Repository files navigation

WLP-Dataset

This repository contains a collection of 622 wet lab protocols, annotated with actions, entities and relations all captured within a given sentence.

A more detailed description of the wet lab protocol corpus can be found in this paper:

An Annotated Corpus for Machine Reading of Instructions in Wet Lab Protocols
Chaitanya Kulkarni, Wei Xu, Alan Ritter, Raghu Machiraju
In Proceedings of 16th Annual Conference of the North American Chapter of the Association for Computational Linguistics: Human Language Technologies (NAACL-HLT, 2018)

Additional information regarding the action, entities and relations can be found here.

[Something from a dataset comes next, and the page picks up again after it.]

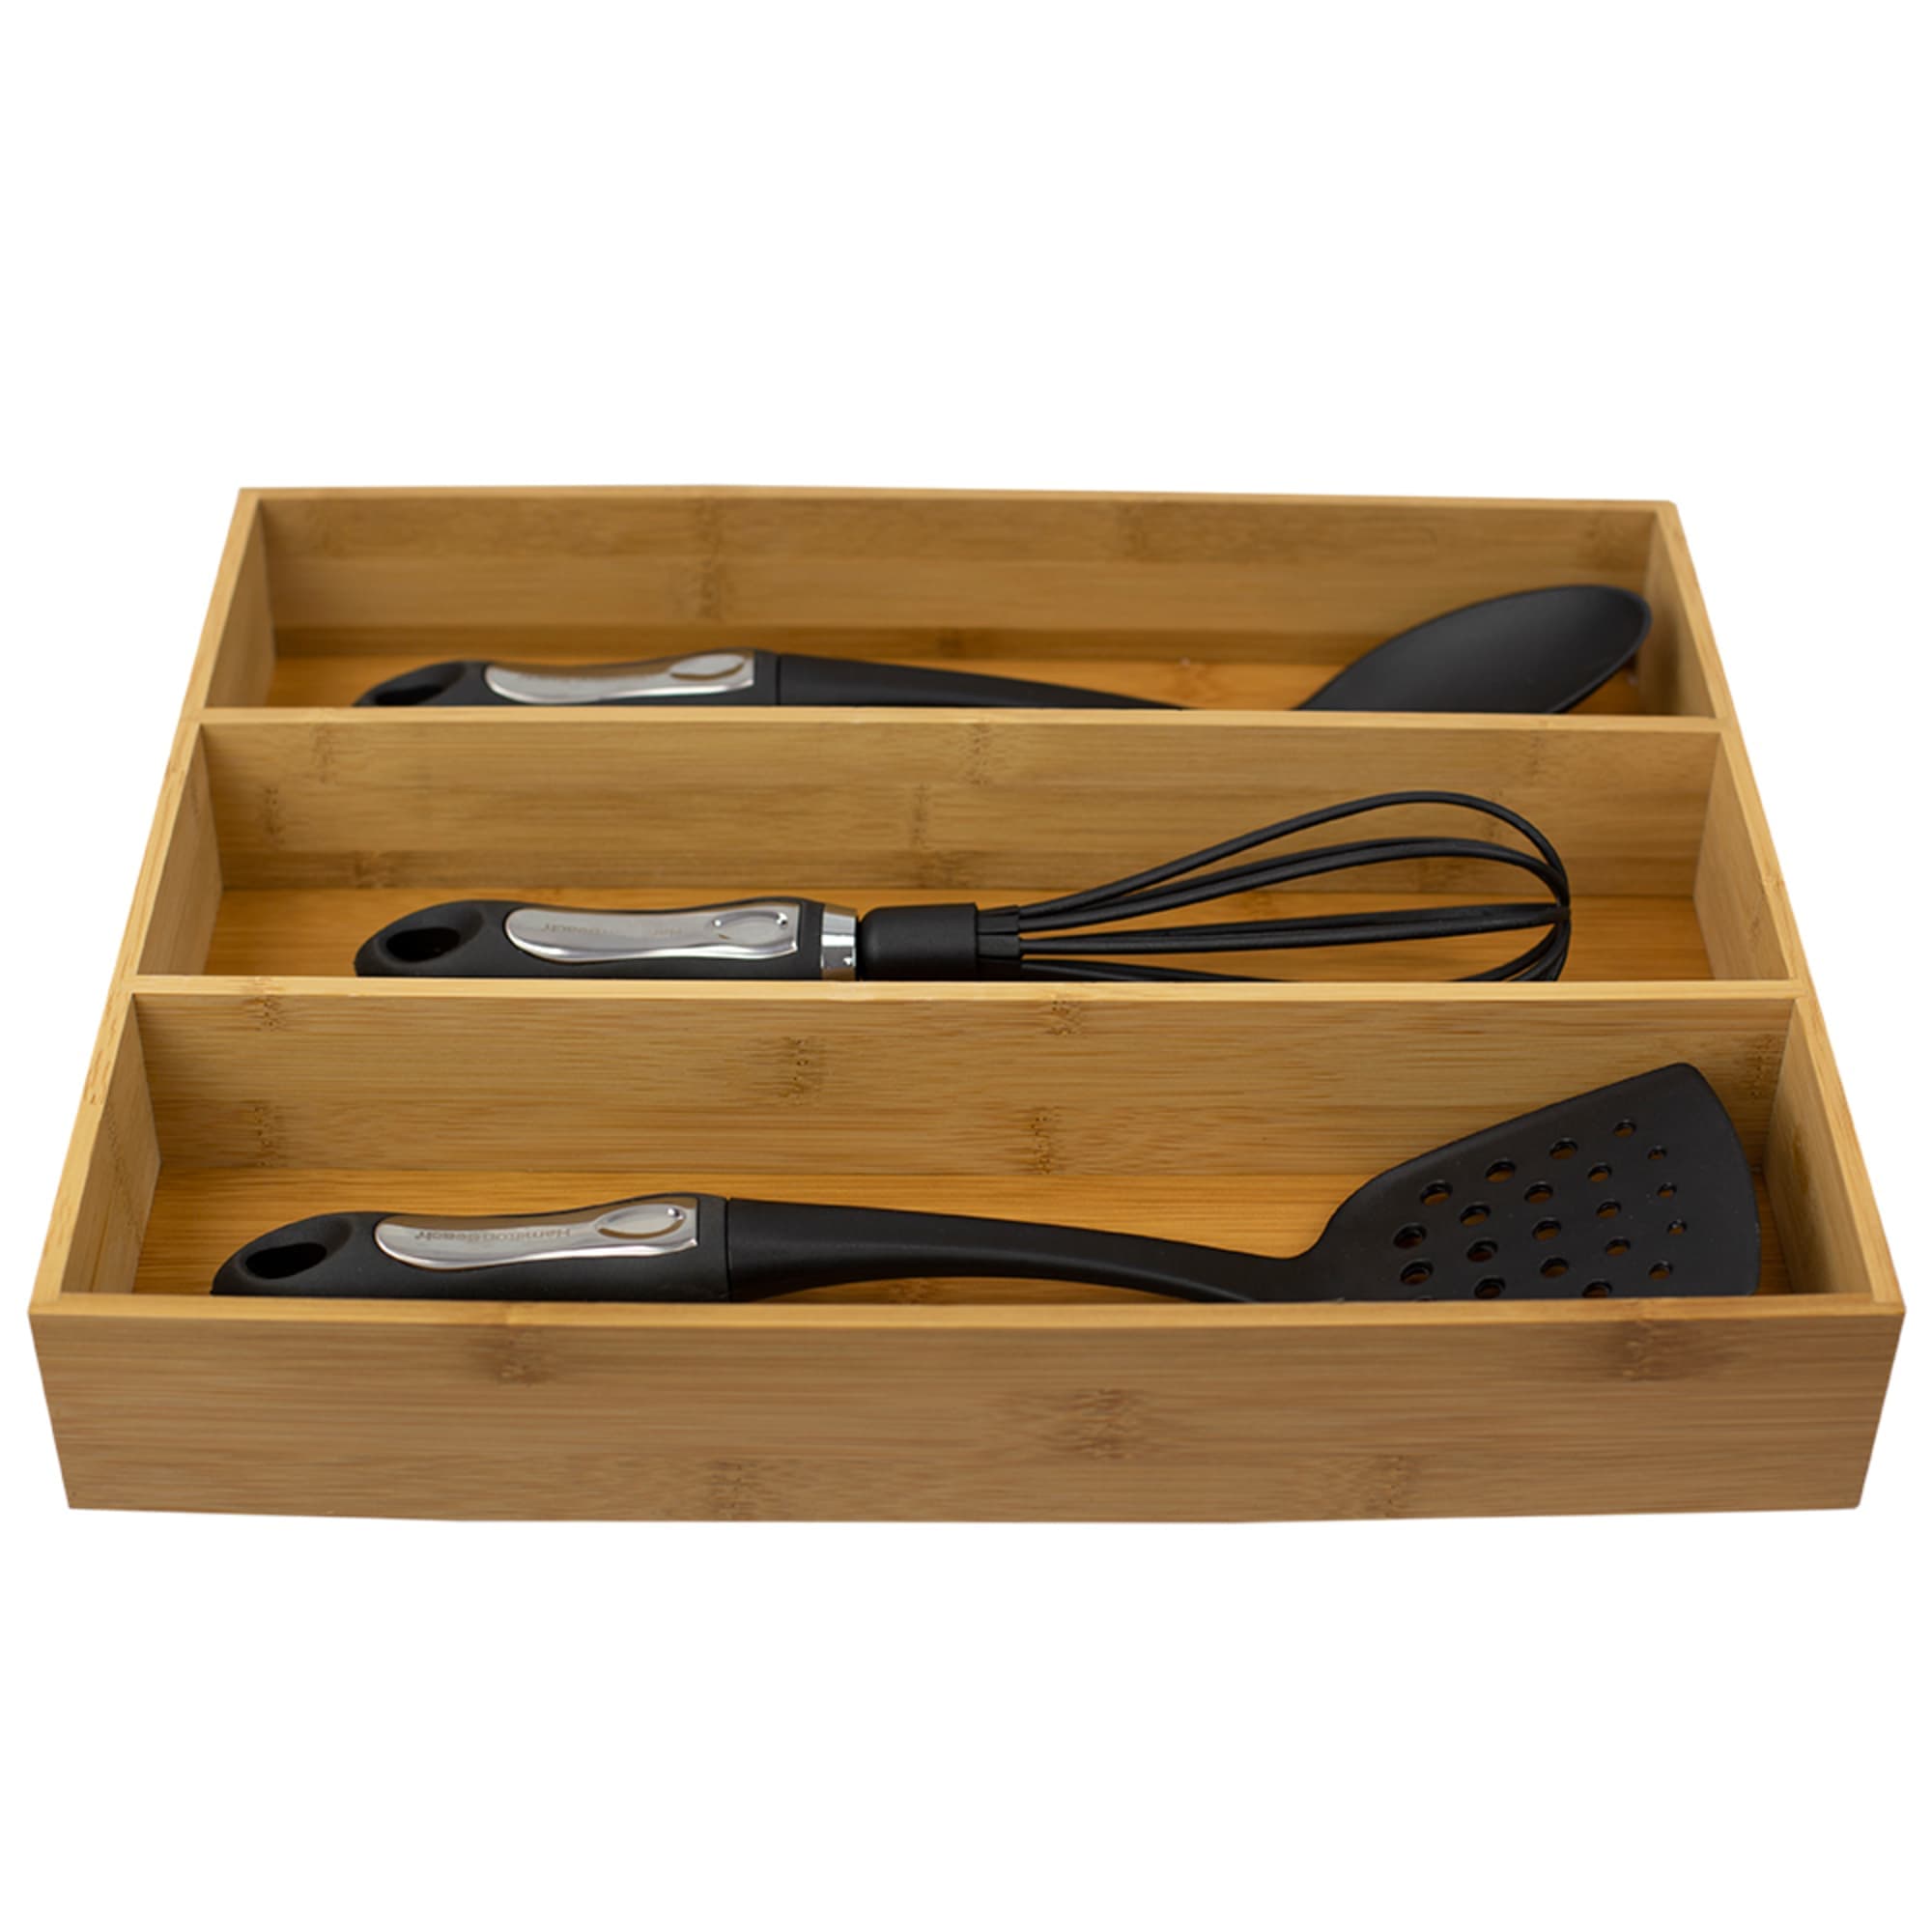 Home Basics Three Compartment Bamboo Organization, Natural $10 EACH, CASE PACK OF 6

Also check out a working demo for sequence tagging and relation extraction using the methods in this repository.

All of the protocols were collected from https://www.protocols.io/ using their public APIs.

The wet lab protocol dataset annotations were created in brat and are stored in standoff format, very similar to BioNLP Shared Task standoff format: as seen here: http://2011.bionlp-st.org/home/file-formats.

The standoff format:

Each text document in the dataset is acompanied by a corresponding annotation file. The two are associatied by using a simple file naming convention, wherein their base name (file name without the file extention) is the same: for example, the file protocol_30.ann contains annotations for the file protocol_30.txt.

Within the document, individual annotations are connected to specific spans of text through character offsets. For example, in a document beginning "Weigh 5.73 g of TCEP." the text "Weigh" is identified by the offset range 0..5. (All offsets all indexed from 0 and include the character at the start offset but exclude the character at the end offset.)

Text file:

Text files are expected to have the file extension .txt and contain the text of the original protocol input into the system.

		How to Make a 0.5M TCEP Stock Solution
		Weigh 5.73 g of TCEP.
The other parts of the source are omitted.